## Your instructions
Line by line, repeat the material below exactly and leave the images out.

## Supplied material

= Beginning of Section =

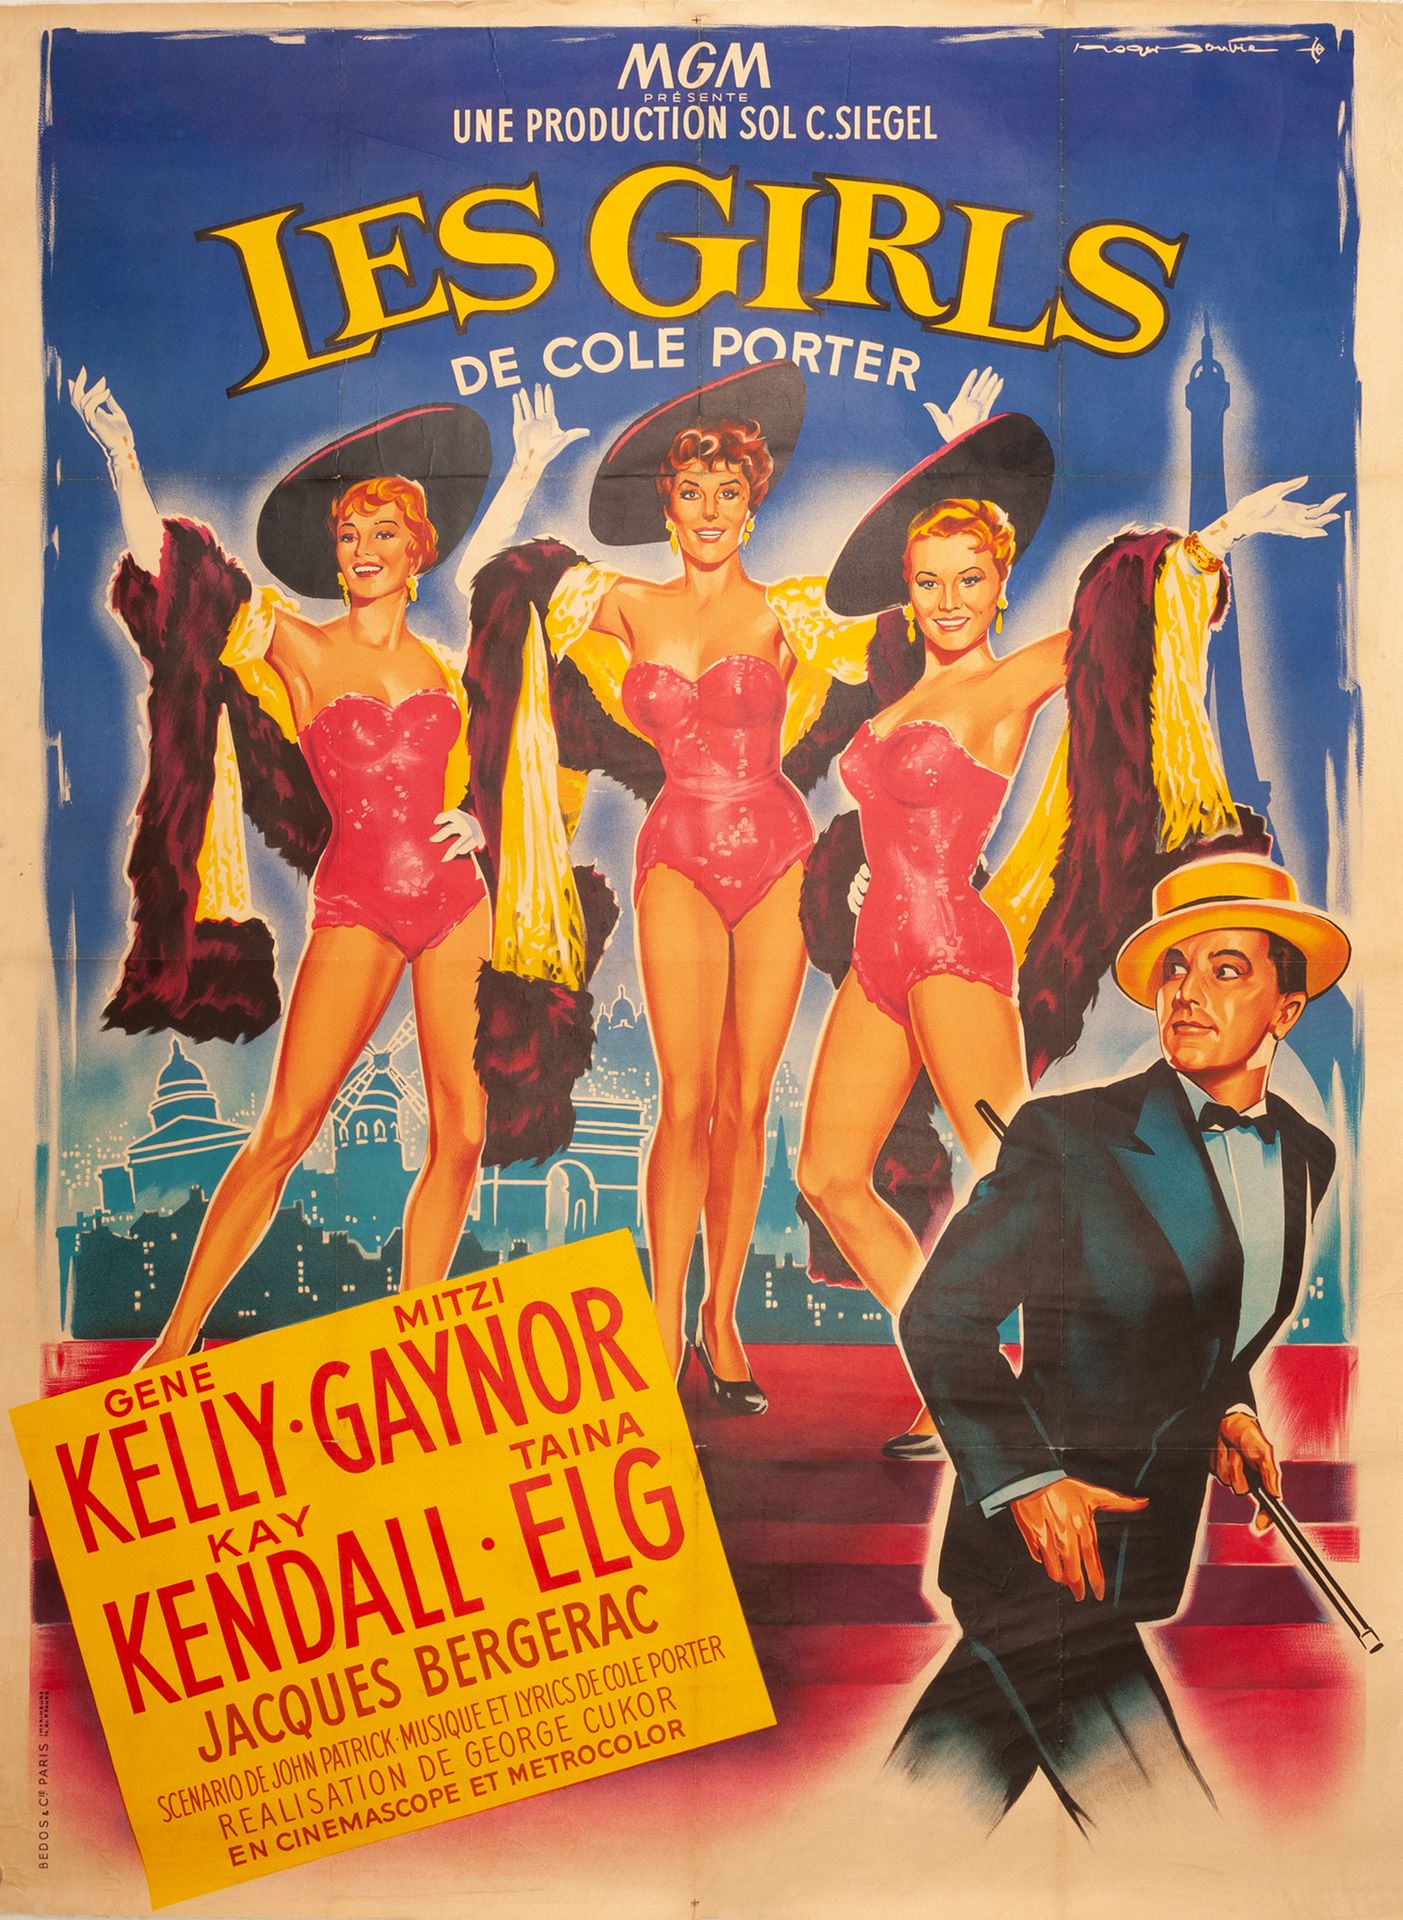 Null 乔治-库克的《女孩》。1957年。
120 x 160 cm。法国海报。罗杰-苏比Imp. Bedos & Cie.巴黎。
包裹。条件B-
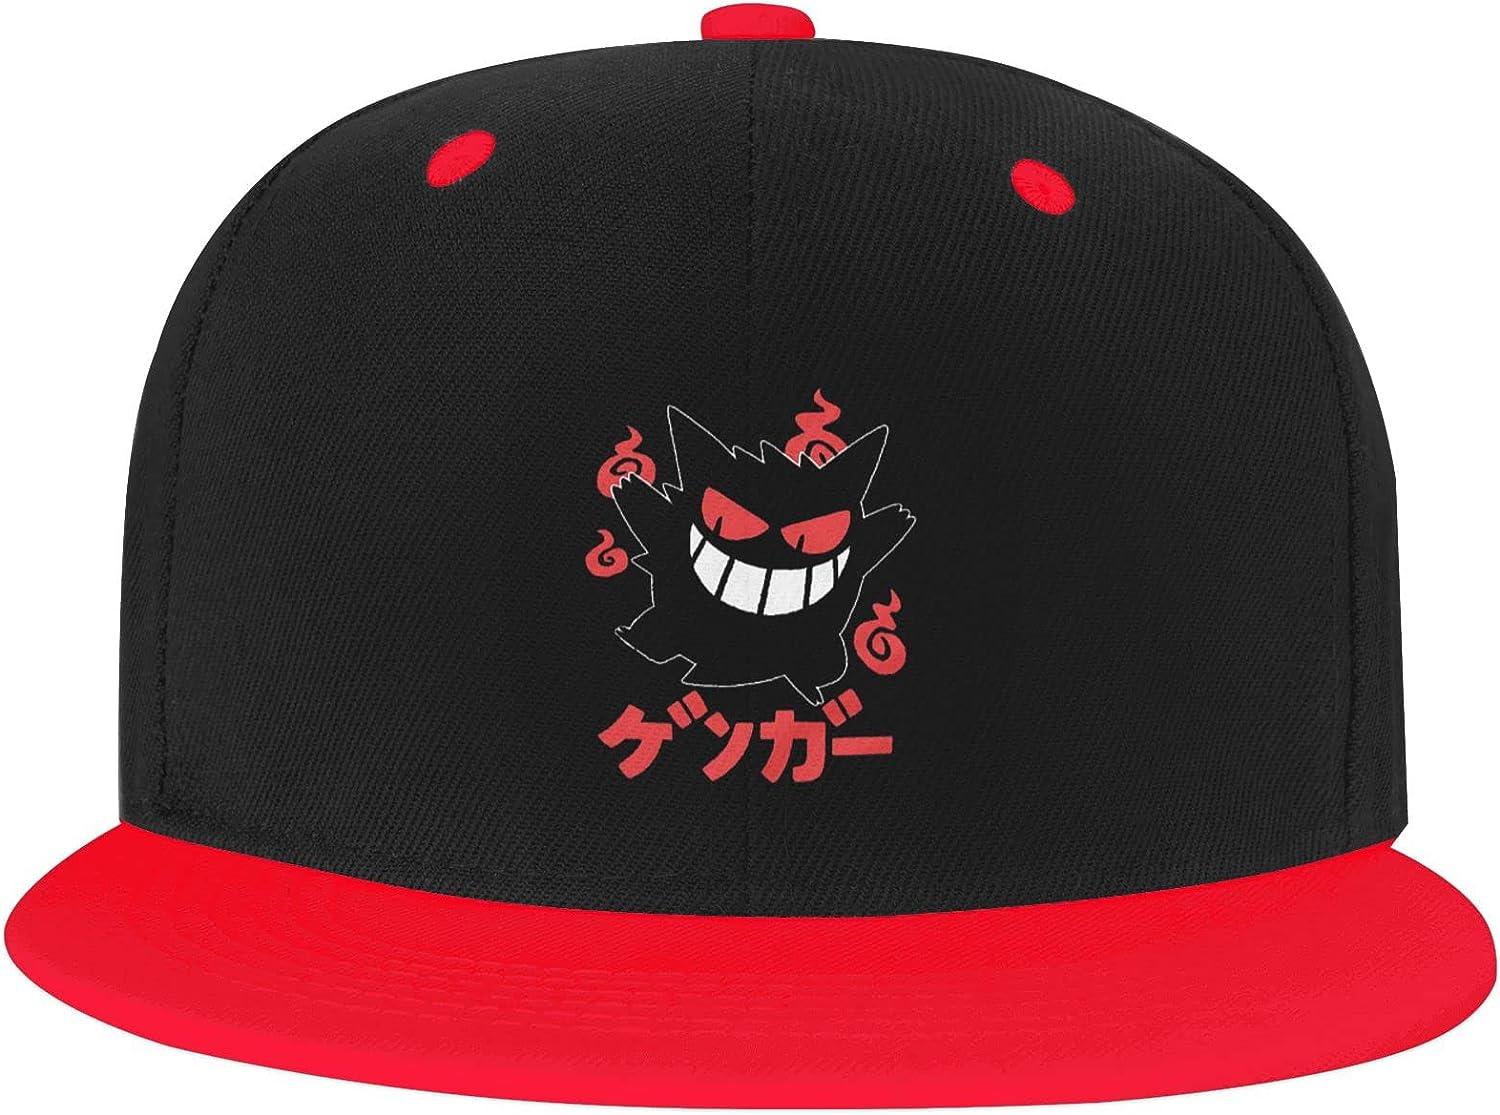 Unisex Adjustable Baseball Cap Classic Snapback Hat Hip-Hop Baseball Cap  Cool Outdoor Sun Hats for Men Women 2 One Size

= End of Section =

## Completed exercise
 Null 乔治-库克的《女孩》。1957年。
120 x 160 cm。法国海报。罗杰-苏比Imp. Bedos & Cie.巴黎。
包裹。条件B-
 Unisex Adjustable Baseball Cap Classic Snapback Hat Hip-Hop Baseball Cap  Cool Outdoor Sun Hats for Men Women 2 One Size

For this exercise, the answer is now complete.